Thank you for your recent correspondence. Delia isn't yet well enough to write to you herself, but she asked that I send a few lines to let you know how much she enjoyed your letter. She still spends most of the time sleeping as the doctor has prescribed a sedative to help her get plenty of rest. I'm afraid much of the time she is awake she is rather sad but that is only to be expected after what happened. Her seizures continue, but I dare to hope they are a little less frequent now than they were. When I read your letter aloud to Delia this morning and reached the part about the cat wearing socks I heard my daughter laugh for the first time since her accident.
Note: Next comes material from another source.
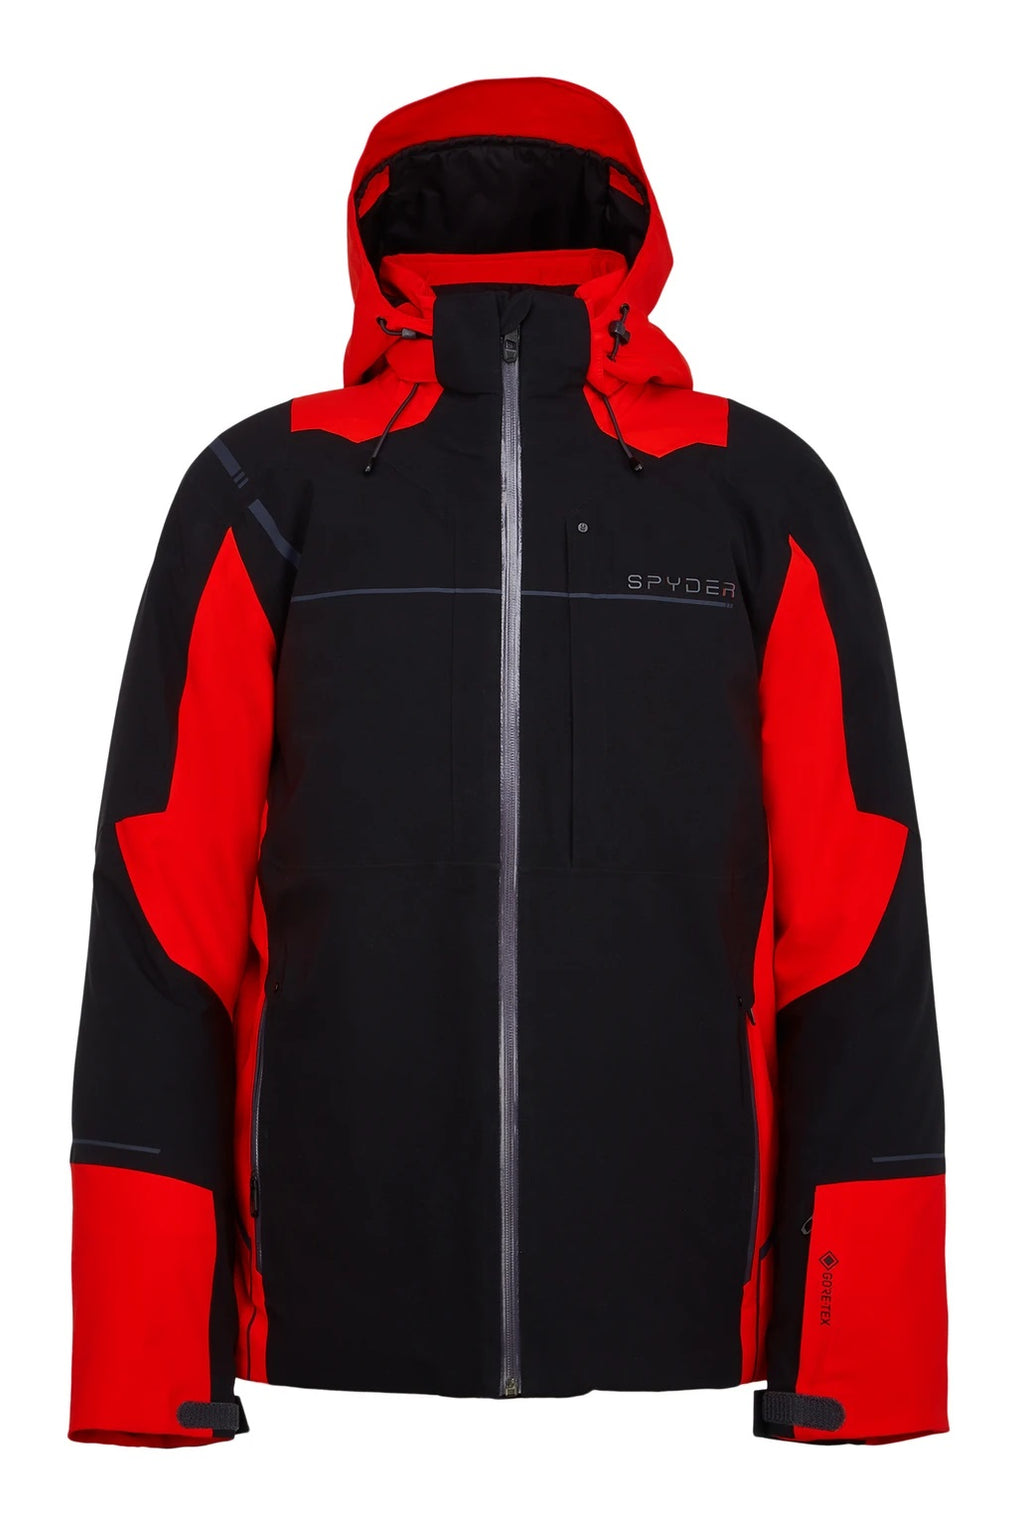 Spyder Titan Gore-Tex Ski Jacket - Men's Winter Skiing Coat | Park2Peak ...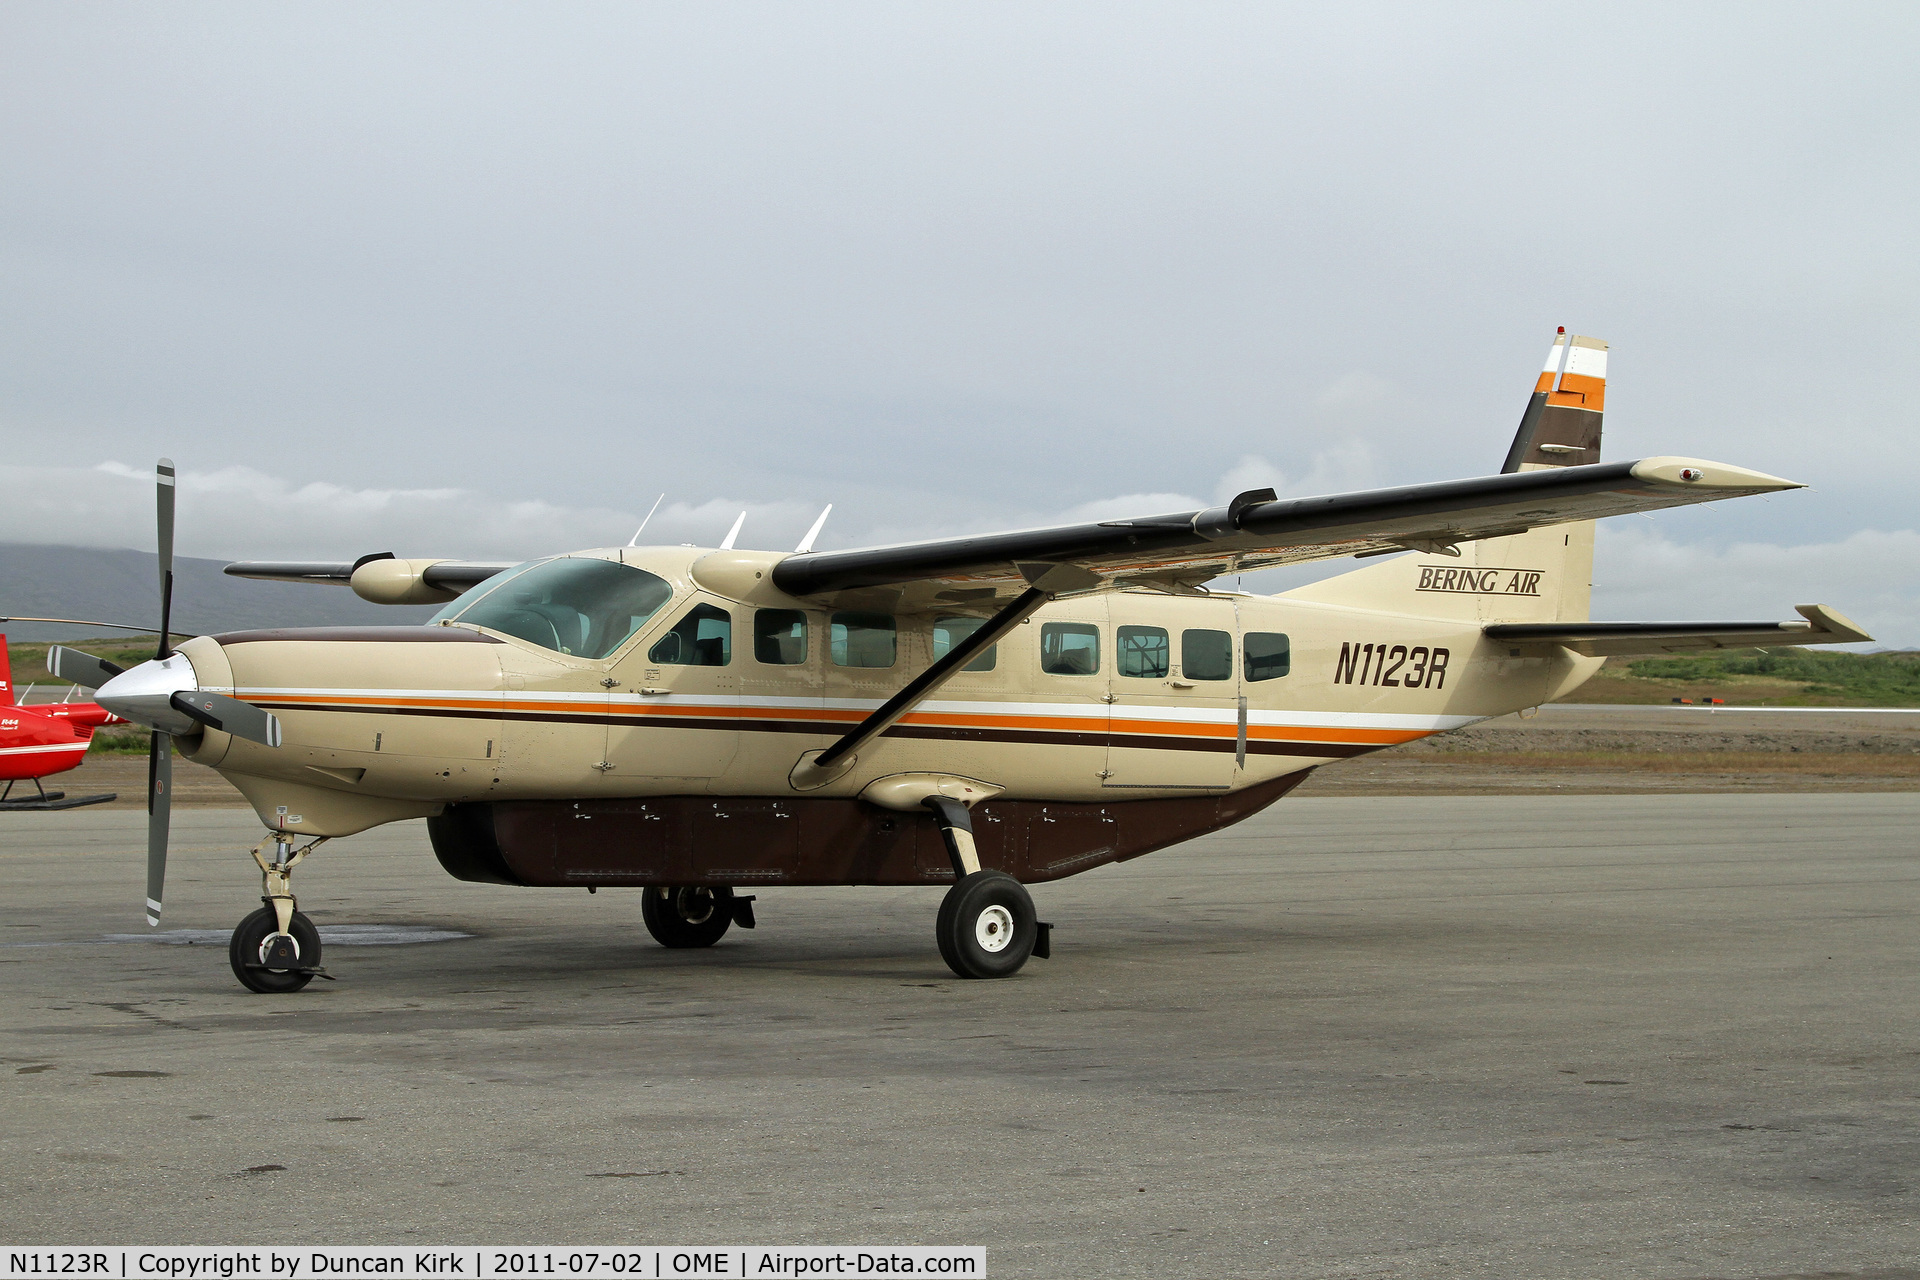 N1123R, 1994 Cessna 208B Grand Caravan C/N 208B-0395, Bering Air has several Caravans

It was a sound I feared I might never hear again, and for that I must thank you Miss Mount. I hope you might consider writing again as I do believe it would cheer Delia considerably.

Yours Sincerely

Mrs M Busby

... ... ...

My Dearest Deels,

My heart leapt when Sister Julienne told me I had mail this morning. Logically I knew it was too soon for you to be up to writing, but for a moment, before I saw the unfamiliar handwriting on the envelope I couldn't help imagining that it would be from you, and that somehow the last few days would turn out to have been... exaggerated somehow. As if the drama of the accident and the rush to the hospital might have masked the fact that you'd just been in shock before, and now you were writing to tell me you were fine, really, and were coming home at once. I told myself I was being utterly ridiculous of course, but even so I couldn't help a brief sick, disappointed feeling at your mother's precise lettering that is so different from your own cheerful, looping scrawl.

Still, now I have swallowed that last bitter, foolish hope I am truly grateful for your mother's letter. I know she needn't have sent anything at all, and things must be so difficult there it must have been tempting not to. In fact I will confess (here at least, in this letter I will never send) that I hold onto those few precious details as fiercely as a drowning woman would hold on to a life raft. Somewhere out there you were listening to my words and they made you laugh. Even for just a second I made you happy and that small fact helps me keep pretending all is well.

But at the same time there are parts of the all too brief note that trouble me. She writes that you are sad and it kills me that I can't be there with you to take some of your sadness away. Do you lie there alone in your childhood bedroom and cry tears I cannot wipe away for you? Does your mother hold you like I would, all the hours in the day if you wanted them? Does she make your tea right? Does she know how to make a balm to soothe your bruises? Does she read to you and put flowers in your window to catch the morning sun?

There is so much I want to tell you. A thousand times a day I think I must tell you about this or that little moment, that I can't wait to see the expression on your face before I remember that I can't. But your mother says I may write again, so even if I can't see it, perhaps I can make you smile from afar. That will be my goal. I daren't hope for more just yet.